Therefore, when the bias spring layer 2 is provided on the entire surface of the shape memory alloy layer 3 as in the ink jet recording head shown in FIG. 12, deformation of the shape memory alloy layer 3 is restrained by the bias spring layer 2. Therefore, the amount of expansion and contraction of the shape memory alloy layer 3 before and after transformation is limited to the order of 0.1%, and the volume change rate of the ink channel 1 is reduced. When the rate of change in the volume of the ink channel 1 is small, it is necessary to increase the volume of the ink channel 1 in order to secure the amount and speed of ink ejection. In the ink jet recording head shown in FIG. 12, the volume of the ink channel 1 before and after the transformation changes in proportion to the cube of the change in the width of the shape memory alloy layer 3, and the width of the shape memory alloy layer 3 is reduced. Then, the volume change rate of the ink channel 1 is greatly reduced. Therefore, it has been difficult to increase the density and reduce the size of this type of conventional inkjet recording head.

Accordingly, an object of the present invention is to increase the rate of change in the volume of an ink channel by increasing the amount of expansion and contraction of a shape memory material before and after transformation, thereby increasing the density and miniaturization of an ink jet recording head. I have.

[0008]

SUMMARY OF THE INVENTION In order to solve the above-mentioned problems, the present invention provides a cylindrical body made of a shape memory material, the inside of which forms an ink cavity; a heating means for heating the cylindrical body; The present invention provides an ink jet recording head which has a nozzle communicating with a cavity, and presses ink in the ink cavity by discharging the ink droplet from the nozzle by contracting the cylinder in the axial direction.

In the ink jet recording head of the present invention,
Since the volume of the ink cavity changes when the cylindrical body made of the shape memory material expands and contracts in the axial direction, the expansion and contraction of the shape memory material is efficiently converted into a change in the volume of the ink cavity. That is, the amount of change in the volume of the ink cavity is determined by the product of the volume of the ink cavity and the expansion and contraction rate of the shape memory material forming the cylinder, and even if the dimension (width) in the direction orthogonal to the axial direction of the cylinder is reduced, The rate of volume change of the cavity does not drop significantly. Therefore, in the ink jet recording head of the present invention, the volume of the ink cavity can be reduced, and high density and small size can be achieved.

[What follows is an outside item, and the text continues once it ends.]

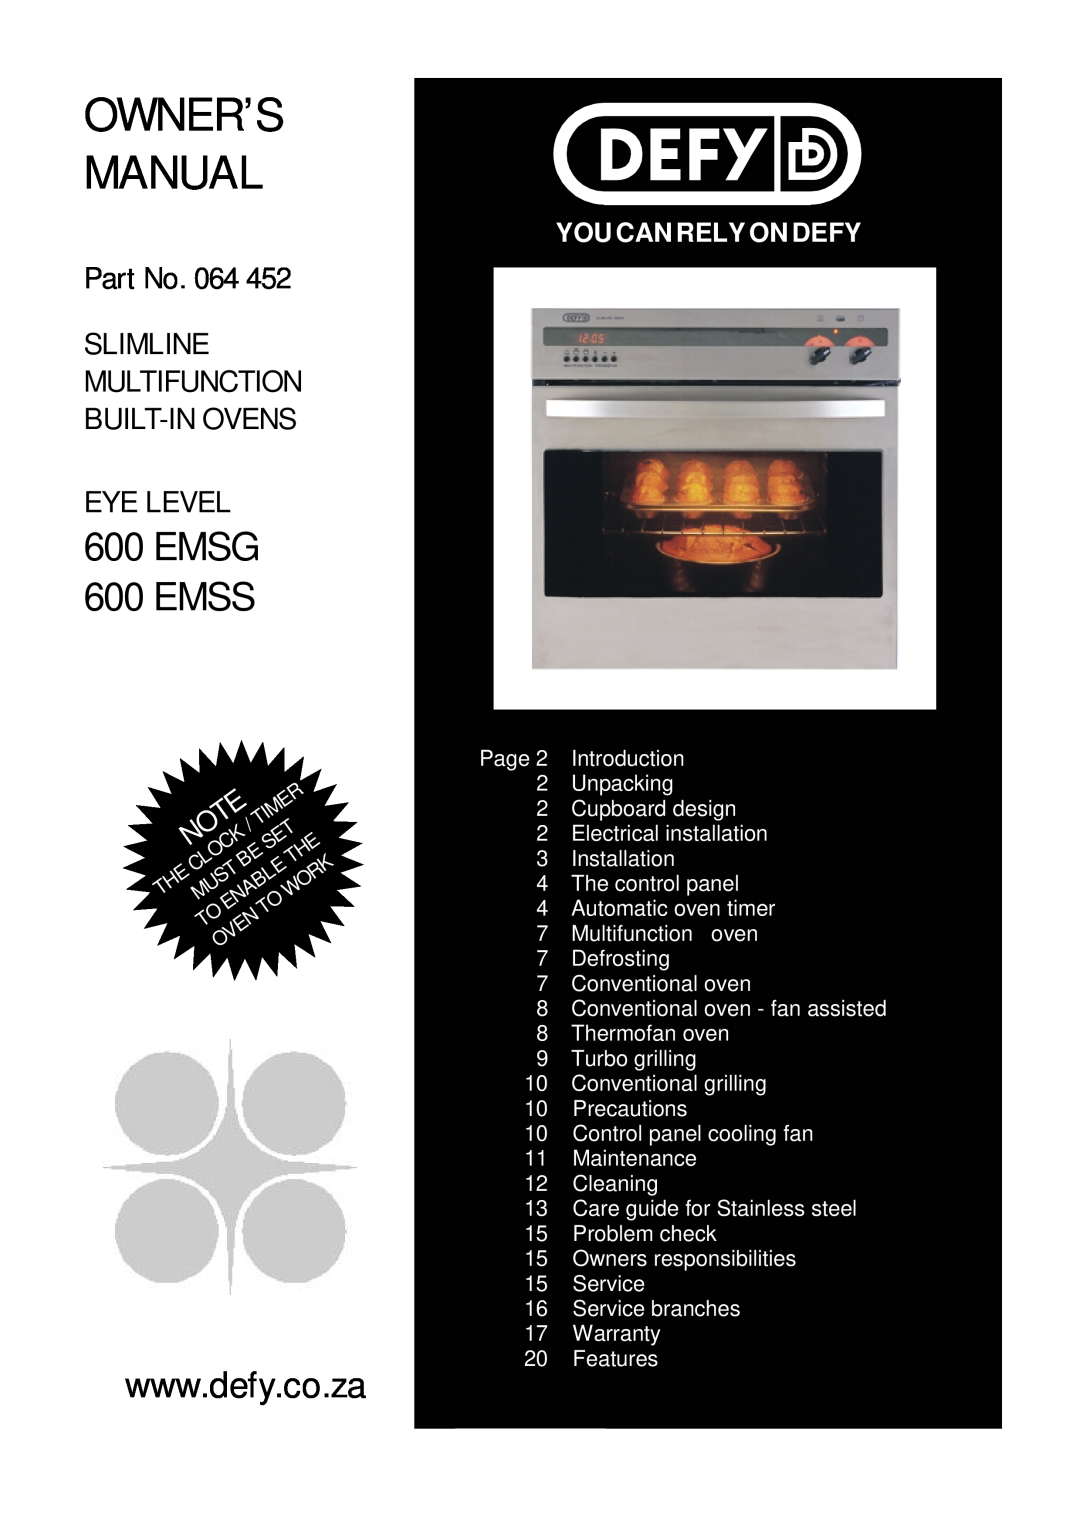 Defy Appliances 600 EMSG owner manual 600EMSG 600EMSS, Part No. 064 SLIMLINE MULTIFUNCTION BUILT-INOVENS, Eye Level

In particular, when a bias spring or the like is not laminated on the outer periphery of a cylindrical body made of a shape memory material, expansion and contraction of the cylindrical body is not restricted, and the cylindrical body has a large expansion and contraction on the order of several percent inherent in the shape memory material. It expands and contracts at a rate. Therefore, in this case, the volume change rate of the ink cavity becomes larger.

[0011] Further, the above-mentioned ink jet recording head comprises:
It is preferable to include a shape regulating unit that urges the cylindrical body so as to expand or contract in a direction opposite to that in the heating by the heating unit.

[0012]

DETAILED DESCRIPTION OF THE PREFERRED EMBODIMENTS Next, embodiments of the present invention shown in the drawings will be described in detail.

(First Embodiment) FIG. 1 shows an ink jet recording apparatus 11 having an ink jet recording head 10 according to a first embodiment of the present invention.

The ink jet recording apparatus 11 has a moving mechanism 13 for moving the carriage 12 in the main scanning direction indicated by arrows X1 and X2, and a feeding mechanism for moving the recording paper 14 as a recording medium in the sub-scanning direction indicated by arrow Y. 15 is provided.

In the carriage 12, an ink jet recording head 10 for ejecting ink droplets onto recording paper 14 and a cartridge type ink tank (not shown) storing ink to be supplied to the ink jet recording head 10 are housed. ing.

As shown in FIGS. 2 to 4, the ink jet recording head 10 has a cylindrical body 21, a support wall 23, and an end wall 2.
5, a bias spring member 27, a heating resistor 29, and a channel plate 31 are provided.

The cylindrical body 21 is made of Ti which is a shape memory alloy.
It is a square cylinder made of a thin film of a Ni (titanium / nickel) alloy, the upper end of which is closed and the lower end is open in the figure,
The internal space forms an ink cavity 33.
Gaps are provided between adjacent cylinders 21 and between each cylinder 21 and the support wall 23. No bias spring layer or the like is provided on the outer periphery of the cylindrical body 21. That is, the side wall of the cylindrical body 21 is composed of only the thin film of the TiNi alloy. Note that, in the present embodiment, Ti
The Ni alloy has a composition ratio of 50% -50% and a transformation temperature of about 7%.
At 0 ° C., the maximum strain is about 5%, and the generated stress is about 600 MPa.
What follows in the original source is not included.